The emergence of new collectivities, starting with the 1980s and gaining momentum in 2013, grew the reach of women’s solidarity; but it also brought new dynamics with regards to collective action. Even though women got together for shared concerns, each had their unique experience of what it means to be a woman in Turkey. Different political groups wanted to vocalize their own political concerns in the demonstration, but this often conflicted with other groups’ priorities. These conflicts kindled many dilemmas since the 1980s, but the shared concern regarding the necessity of collaboration generated many valuable discussions. The question of whether women should foreground within these spaces their own political identities, ideologies, and practices, or whether it may be possible for all women to focus on their commonalities and foster an inclusive environment in which all women could exist together is still a continuous debate (Kaktüs, 1989).

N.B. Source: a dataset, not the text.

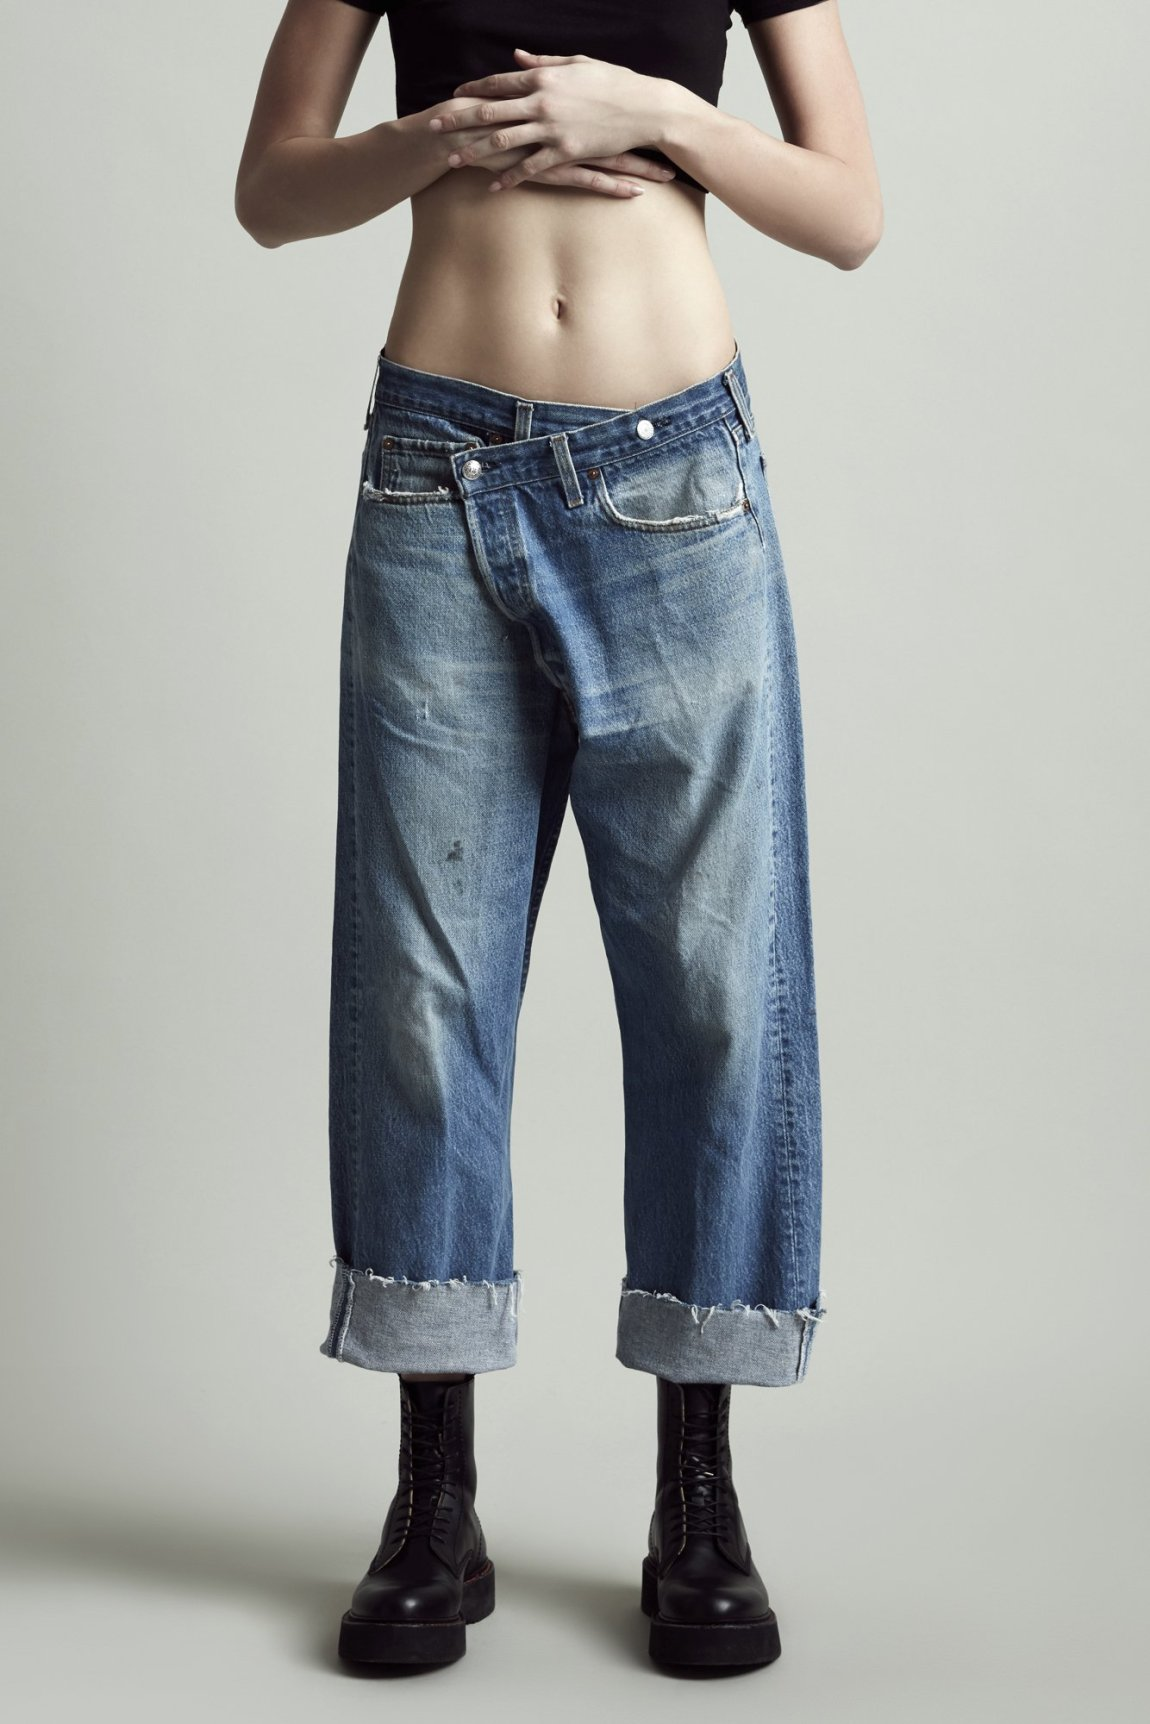 criss cross, crossover jeans, wrap jeans, boyfriend jeans, slouchy, frayed hem, R13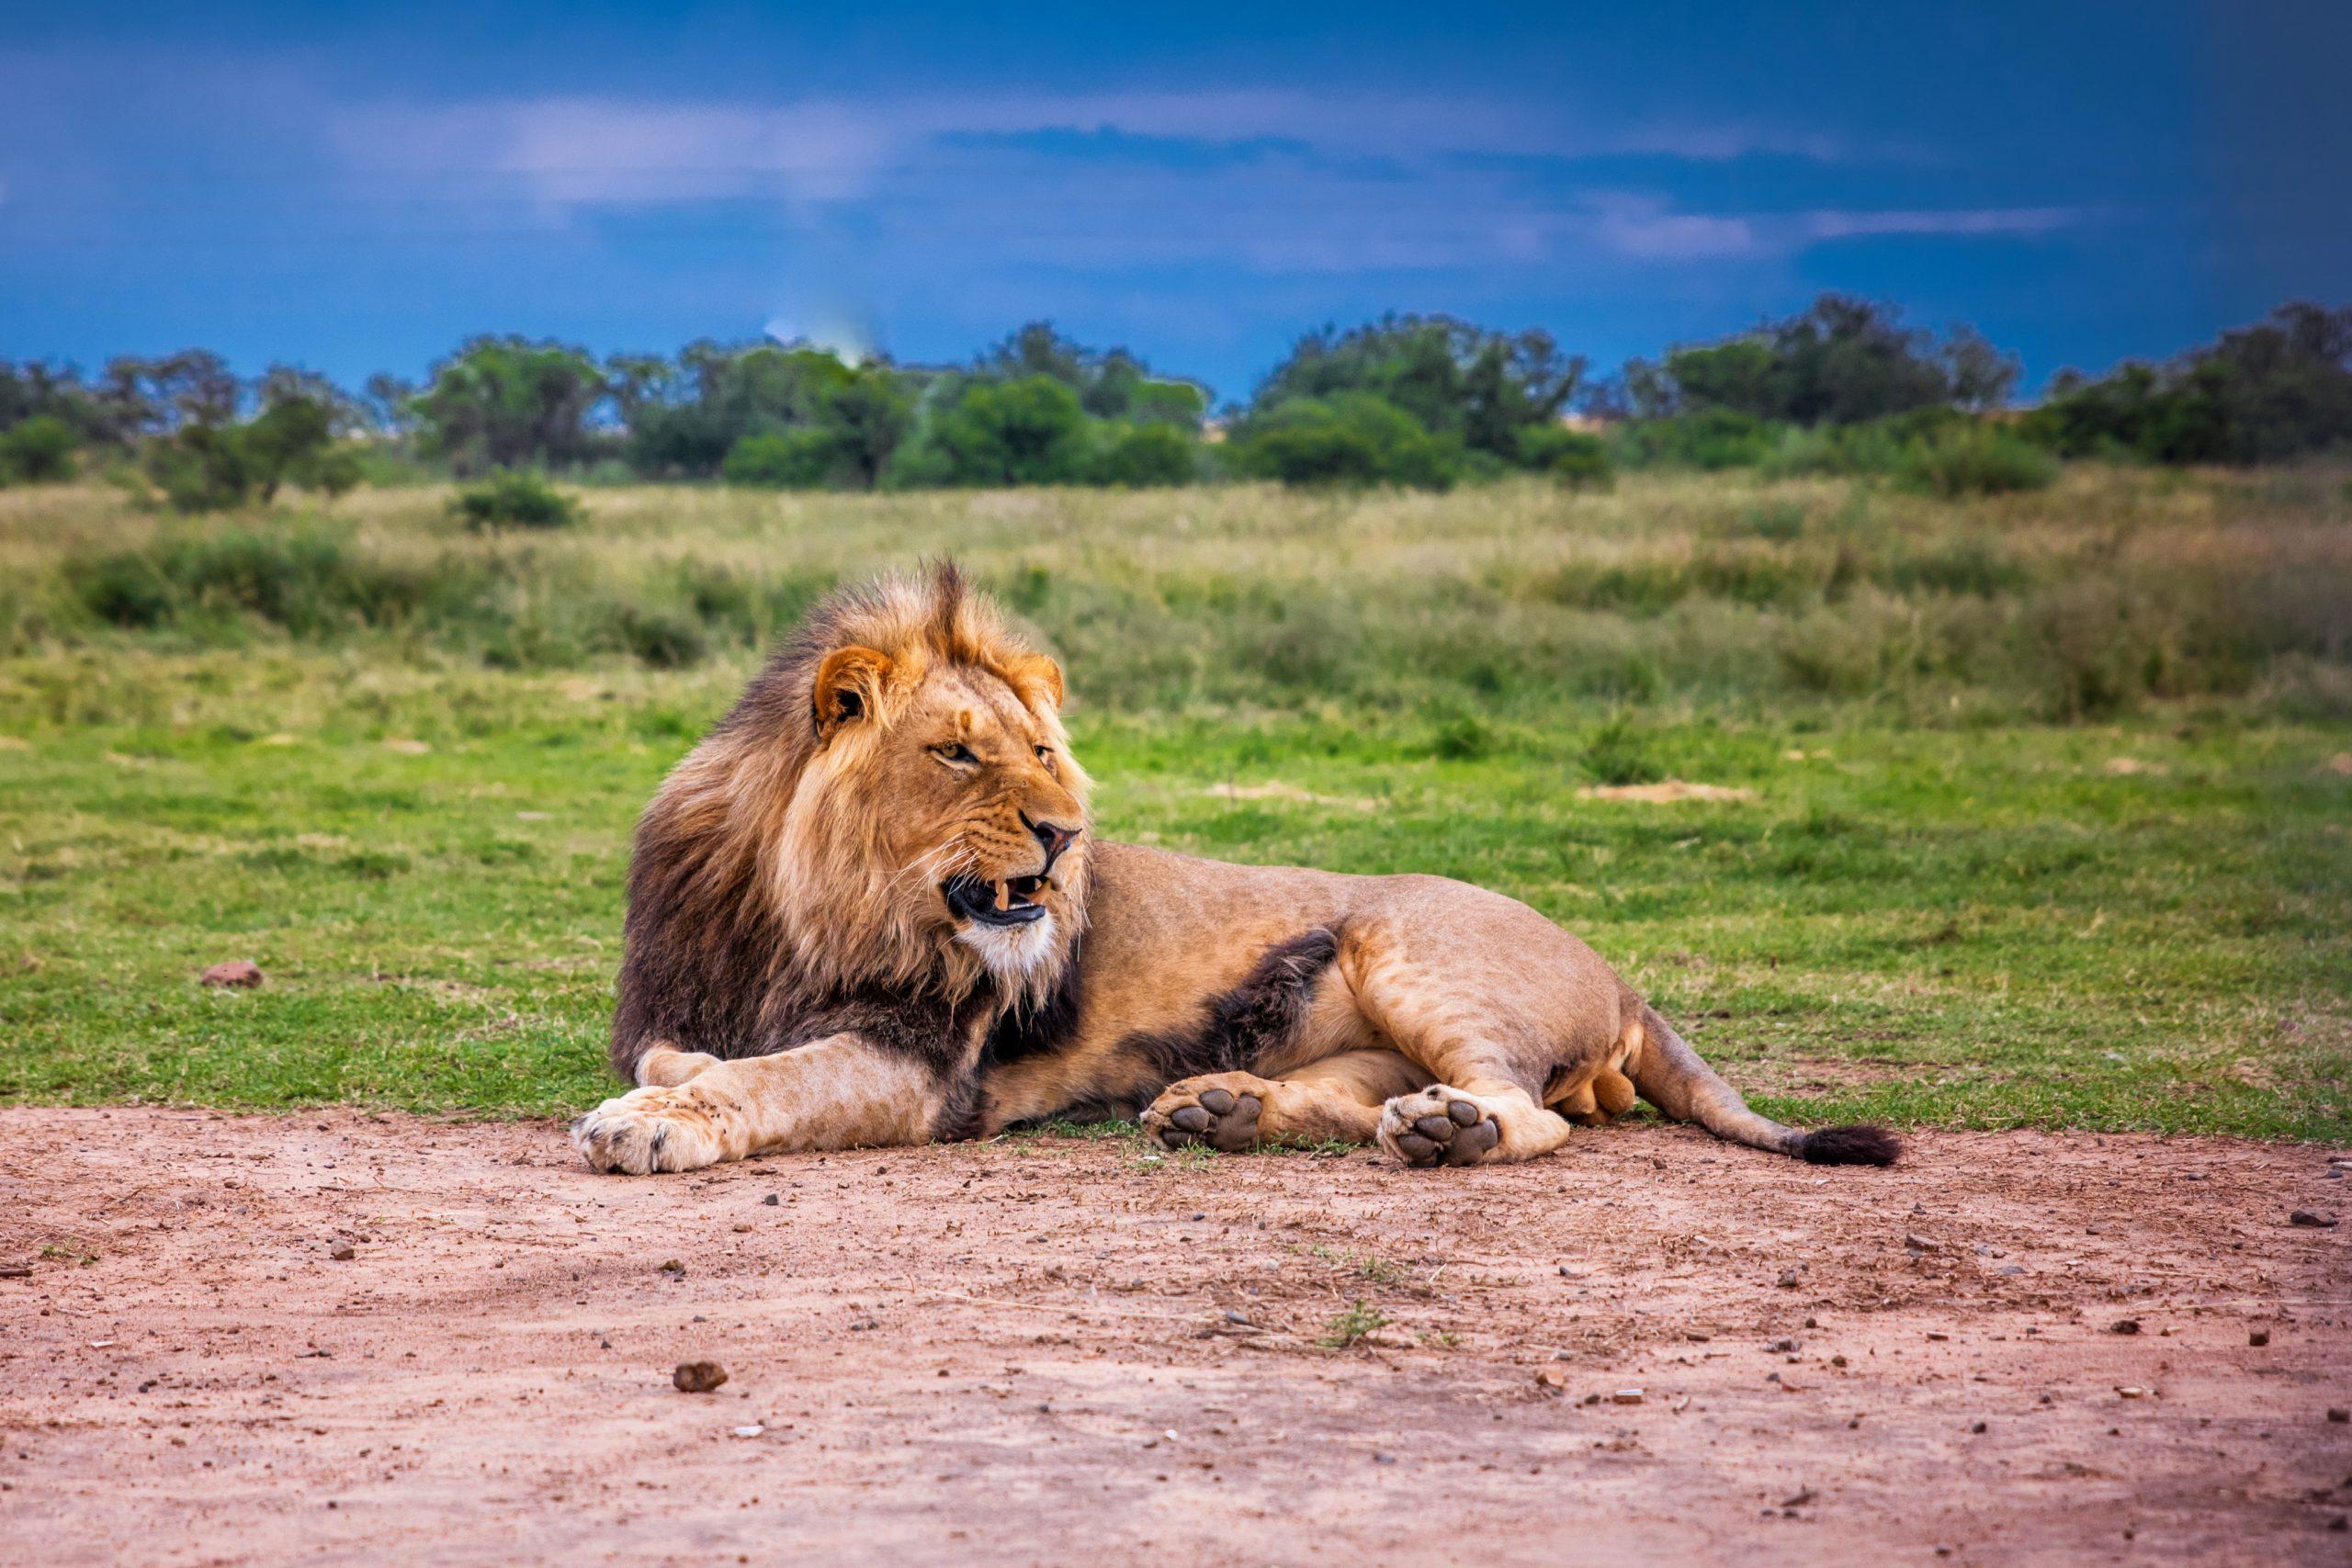 Kom helt tæt på savannens store kattedyr

Recent years of the Istanbul Feminist Night Marches and their aftermath have witnessed heated debates regarding the LGBTI+ presence within the marches. 6 These discussions about the ‘proper subjects’ of the march are indeed the continuity of the march’s long-lasting value of inclusivity, but they are also the ripples of the deepening roots of intersectionality within feminist politics around the globe. As the UN states in a recent publication about the waves of feminist activism, ‘Previous generations conceptualized and argued for intersectional movements and worked “in solidarity” with them, but current movements have incorporated radical intersectionality as a core principle of their practice and membership’ (Molyneux et al., 2021). Feminist Night Marches are a part of this larger transformation of political activism and the rise of the collective awareness that feminist struggle cannot be separated from other political struggles such as gender, race, ecology, and class, along with others. However, it is also crucial for Feminist Night March attendants and organizers that no political group, slogan, or banner excludes or devalues a particular experience of womanhood. The motivation behind this approach is the collective will to create an open space where all women can feel a sense of belonging (8 Mart Feminist Gece Yürüyüşü, 2022). Feminist Night Marches are seen as a temporal and spatial field of togetherness where differences can unite, not as a clash of different political agendas. Therefore, although new collectivities lead to diverse conflicts during Women’s Day each decade, what we see across time, and what the soundscape of the march reminds us, is the shared concern about inclusivity. Be it about leftist, Kurdish, refugee, migrant, Armenian, or Muslim women, men, lesbian women, trans men, or trans women, in the long run, the shared concern regarding the necessity of collaboration and inclusivity continues to prevail. 7
Today, the policies of the current regime continue to threaten the lives of women, 8 and its lack of tolerance for criticism continues to shrink human rights and civilian space in Turkey. Not to mention that since the 2019, Feminist Night Marches on Istiklal Street are banned by the state, and women are often attacked by the police with rubber bullets and pepper spray. Against these interventions, Feminist Night Marches continue to exist as an open space for women to protest the patriarchal power regime that seeks to silence them. Undoubtedly, these interventions are not unique to this century. The control over and suppression of women, their bodies, and voices, speak to a long history of national gender politics that feeds off a long durée of patriarchal ideology and its treatment of the feminine voice.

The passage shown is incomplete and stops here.